======== PROVIDED INFORMATION ========

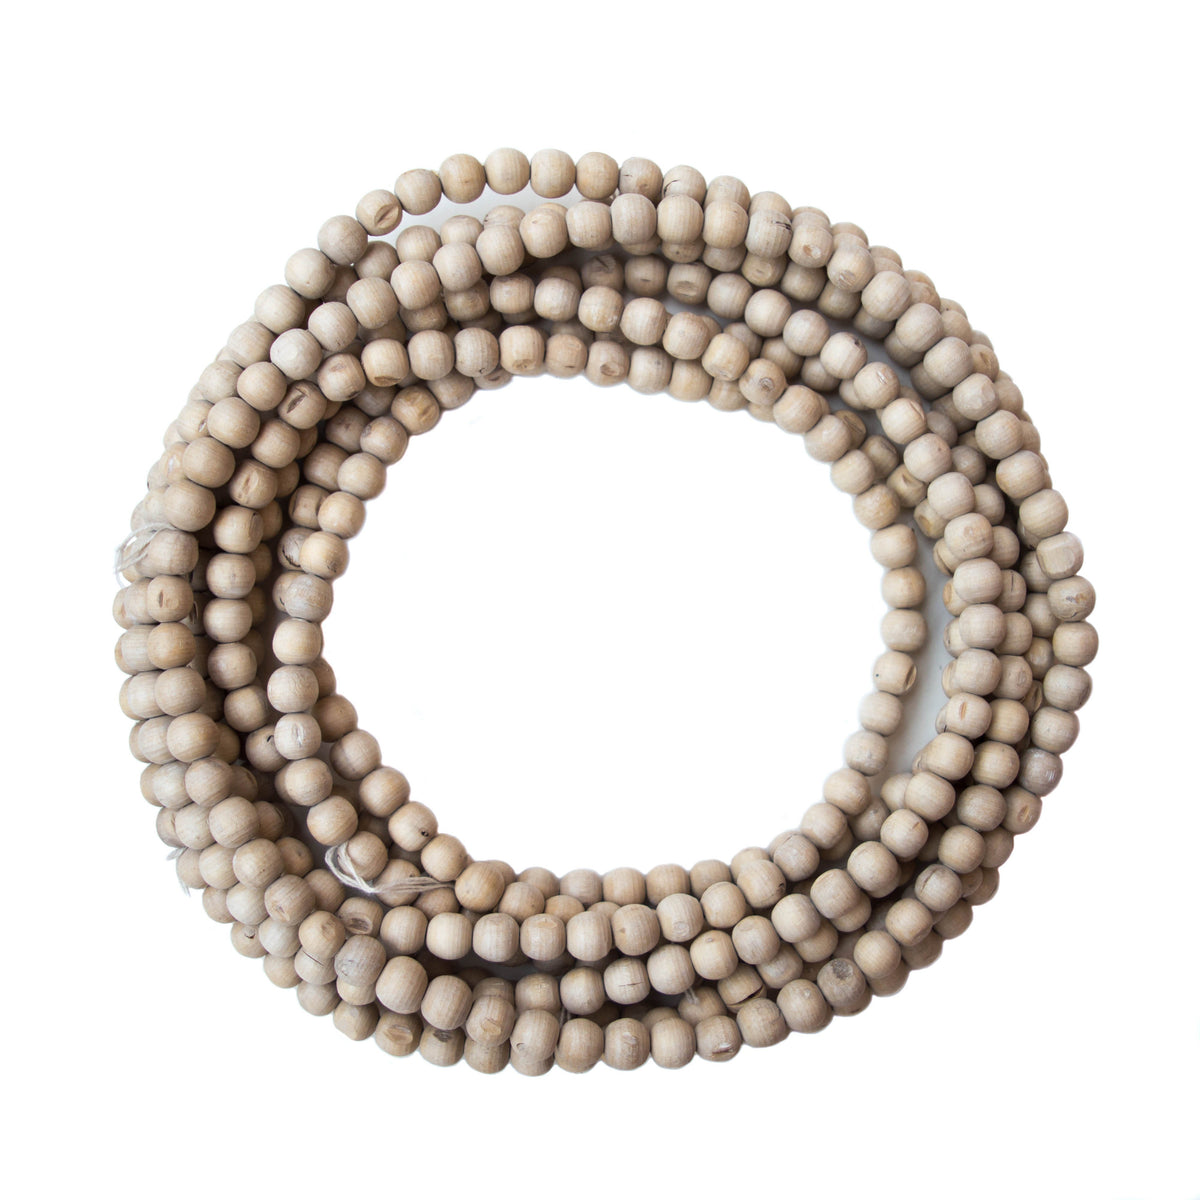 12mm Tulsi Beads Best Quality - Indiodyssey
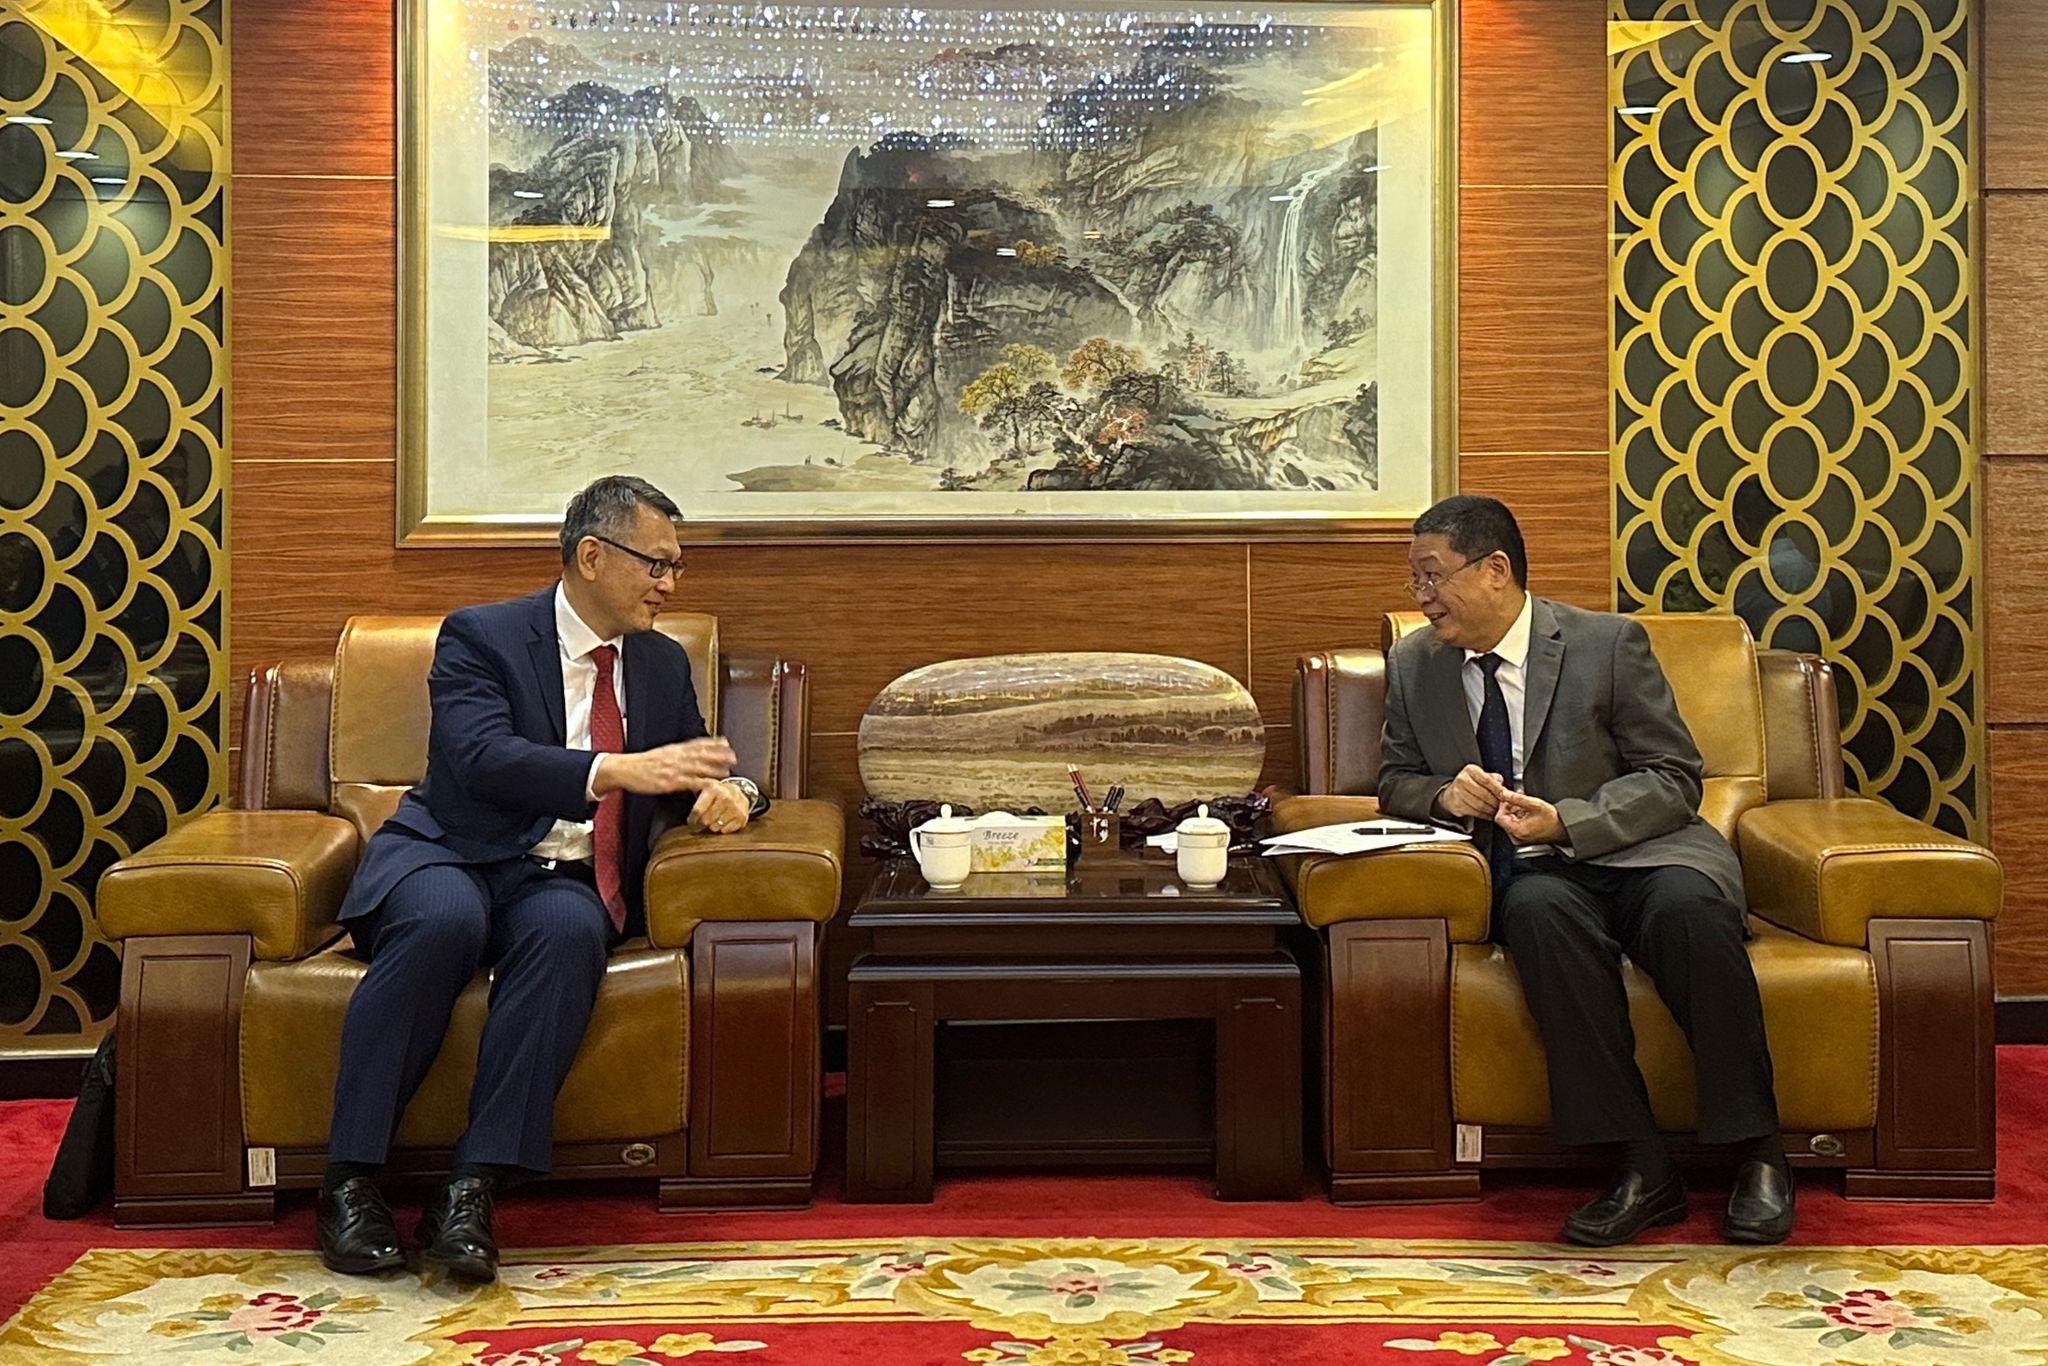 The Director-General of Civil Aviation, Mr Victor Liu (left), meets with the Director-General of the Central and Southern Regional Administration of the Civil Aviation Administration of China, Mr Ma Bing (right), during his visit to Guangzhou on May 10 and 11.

========
======== PROVIDED INFORMATION ========

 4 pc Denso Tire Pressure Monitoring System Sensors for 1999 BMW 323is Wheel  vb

========
======== PROVIDED INFORMATION ========

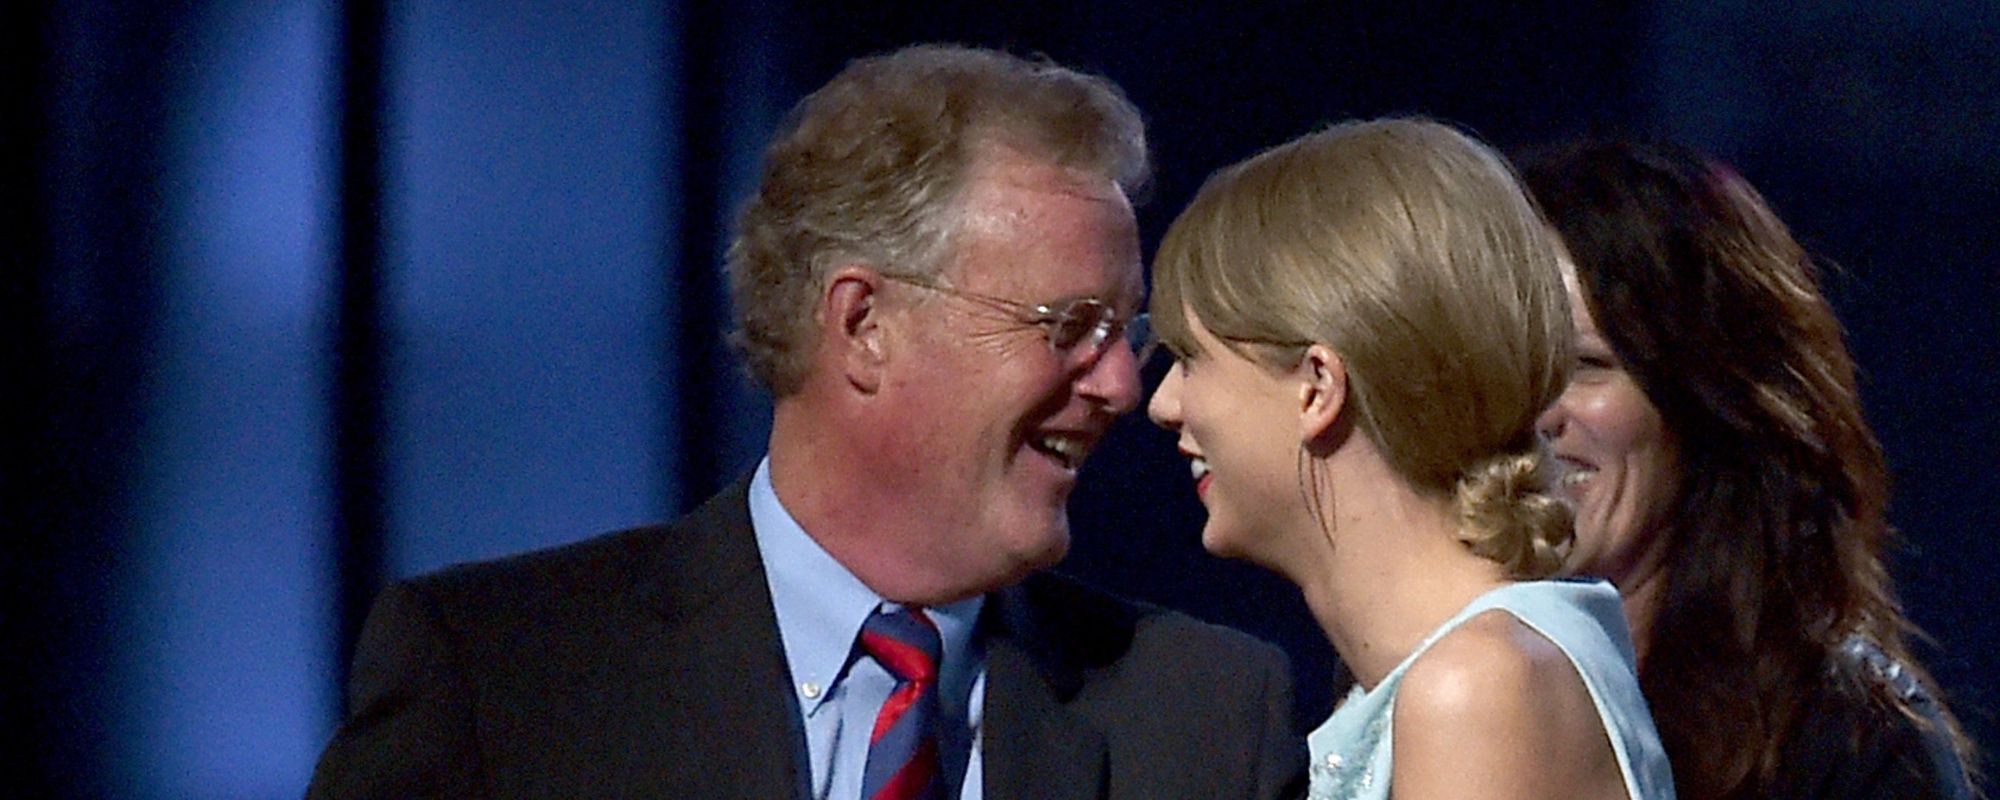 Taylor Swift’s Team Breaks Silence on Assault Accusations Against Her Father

========

### DIRECTIONS FOR THIS TASK
Above are records with pictures. Reproduce exactly only the lines from the line with "12mm Tulsi Beads Best Quality - Indiodyssey" through the line with "The Director-General of Civil", both ends included, and leave the pictures out.

### SOLUTION
 12mm Tulsi Beads Best Quality - Indiodyssey
 The Director-General of Civil Aviation, Mr Victor Liu (left), meets with the Director-General of the Central and Southern Regional Administration of the Civil Aviation Administration of China, Mr Ma Bing (right), during his visit to Guangzhou on May 10 and 11.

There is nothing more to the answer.